PALISADES TAHOE SKI RESORT — At midnight, a slender moon hangs above the snowy Sierra Nevada, casting only a faint glow on a sheer cliff and the dark canyon below.
But snowcat operator “Bandit” Ferrante has laser-guided vision, measuring snow depth 150 feet ahead and to each side to sculpt the slopes with precision. By dawn, crowds will start arriving to ski and ride the weekend’s fresh powder.
“These advancements are changing the way we do things,” said Ferrante, 36, who drives a new $400,000 German-made PistenBully rig with Light Detection and Ranging (LiDAR) technology to prepare the trails. “I see exactly where we’re going, and what’s going on.”

After two winters of heavy snow, the snowfall so far this winter has been sporadic. While Mother Nature is always fickle, climate change could create less reliable snow, spelling hardship for the businesses and mountain communities that depend on storms for their economic survival.
So resorts seek to make and protect each precious flake. Big corporations running Palisades, Heavenly, Northstar, Kirkwood and Mammoth Mountain have made major investments, worth many millions of dollars, in what’s dubbed “snow management.” With some daily lift tickets exceeding $250, the resorts seek to deliver a dependable high-end experience.
Initially just farm tractors on tracks, snowcats have evolved into machines of design, detailed craftsmanship and computer-driven tools.
Inside the warmth of his cab, with a chatty podcast for company, Ferrante monitors a computer screen with color-coded snow depths, guiding him on where to push and pull snow for the best coverage.
Its SNOWsat LiDAR remote sensing technology uses laser pulses to measure snow depth. With accuracy to within an inch, it can construct perfect snowboard half-pipes or World Cup ski race terrain.
The joystick that directs the 12-ton machine is smooth, responsive and comfortable to grasp. The blade shifts in 17 different directions, with wings to shovel the snow. With a sensor that detects incline, the powerful tiller automatically rises and falls when routes get steep.
It’s turned a once lonely and tedious task into a skill-driven profession.
“You keep learning new things,” said Ferrante, a South Lake Tahoe native with nearly 20 years of resort experience. A tidy tattoo — a snowcat control stick — adorns his neck.

At competitive “Groomer Games” every spring, representatives of all California ski resorts gather to test their expertise by pushing a golf ball through a maze.
Innovations in snow-making tools — such as the $40,000 Super PoleCat — perform alchemy, mixing massive drafts of water, air and electricity to cover miles of runs.
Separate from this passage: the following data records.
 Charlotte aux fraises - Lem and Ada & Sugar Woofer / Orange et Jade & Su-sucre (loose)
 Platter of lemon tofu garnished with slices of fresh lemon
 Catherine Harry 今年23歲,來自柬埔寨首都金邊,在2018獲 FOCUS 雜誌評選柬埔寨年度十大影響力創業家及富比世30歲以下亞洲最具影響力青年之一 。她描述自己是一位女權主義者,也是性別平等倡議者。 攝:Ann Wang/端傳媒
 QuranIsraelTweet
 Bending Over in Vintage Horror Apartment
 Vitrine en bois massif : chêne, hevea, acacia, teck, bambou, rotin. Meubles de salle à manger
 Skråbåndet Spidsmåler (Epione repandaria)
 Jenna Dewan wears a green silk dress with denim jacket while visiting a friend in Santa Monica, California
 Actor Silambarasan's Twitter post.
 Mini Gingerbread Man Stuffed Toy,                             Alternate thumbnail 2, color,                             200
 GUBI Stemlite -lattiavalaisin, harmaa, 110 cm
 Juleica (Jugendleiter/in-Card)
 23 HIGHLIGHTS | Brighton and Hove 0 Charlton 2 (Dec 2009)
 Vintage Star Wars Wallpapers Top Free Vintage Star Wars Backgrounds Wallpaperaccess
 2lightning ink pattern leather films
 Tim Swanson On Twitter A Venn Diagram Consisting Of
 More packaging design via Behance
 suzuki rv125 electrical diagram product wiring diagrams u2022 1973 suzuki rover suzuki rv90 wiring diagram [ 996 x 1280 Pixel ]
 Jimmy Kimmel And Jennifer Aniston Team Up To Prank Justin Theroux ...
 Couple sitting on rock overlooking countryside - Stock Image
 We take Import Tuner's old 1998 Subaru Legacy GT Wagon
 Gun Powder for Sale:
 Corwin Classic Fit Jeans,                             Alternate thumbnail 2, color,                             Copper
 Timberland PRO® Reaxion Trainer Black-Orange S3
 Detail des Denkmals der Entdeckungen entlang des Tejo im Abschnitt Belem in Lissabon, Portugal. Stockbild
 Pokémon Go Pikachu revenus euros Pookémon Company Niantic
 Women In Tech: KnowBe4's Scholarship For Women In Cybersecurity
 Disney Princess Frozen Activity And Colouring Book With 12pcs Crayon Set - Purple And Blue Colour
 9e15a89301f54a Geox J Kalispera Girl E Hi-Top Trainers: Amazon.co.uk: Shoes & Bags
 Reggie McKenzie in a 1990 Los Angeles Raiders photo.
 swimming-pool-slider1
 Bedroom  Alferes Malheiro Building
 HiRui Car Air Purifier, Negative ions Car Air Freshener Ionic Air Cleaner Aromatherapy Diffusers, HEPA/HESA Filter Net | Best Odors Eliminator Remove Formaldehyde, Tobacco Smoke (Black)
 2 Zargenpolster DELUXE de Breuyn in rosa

Some have built-in automated weather stations.
Snowcats maximize the efficiency of snowmaking. Some are simple utility vehicles, hauling things around the mountain. Others are “trooper carriers,” moving ski patrollers. “Dig rigs” have backhoes to excavate buried equipment. A few have forks, for installing fences and seats on race days. The smallest cats are adroit at digging out chairlifts and clearing sidewalks.
“You use the right tool for the right job,” said Brendan Gibbons, director of snow surface at Palisades Tahoe.
The most prized snowcats at Palisades are the new LiDAR-equipped machines.
They are leading the fleets that are racing across the resort this weekend to groom freshly fallen powder, sending information by cell signal to the less well-equipped machines.
Until recently, snowcats relied on GPS to measure snow depth; the technology knows how high the machine is sitting above the ground. But this tool offers a limited view of what’s directly under the rig and front blade, not what lies ahead.
“It was a great start to this technology, but it only allowed us to see how deep the snow is where we’ve been, and where we are,” said Gibbons. “LIDAR shows us what the snow is before we get to it.”
LiDAR also measures the volume of piles of manmade snow, helping guide its use.
The tool is already in use in research and government agencies to study snow from the air. It helps water districts measure future water reserves. It can identify avalanche danger.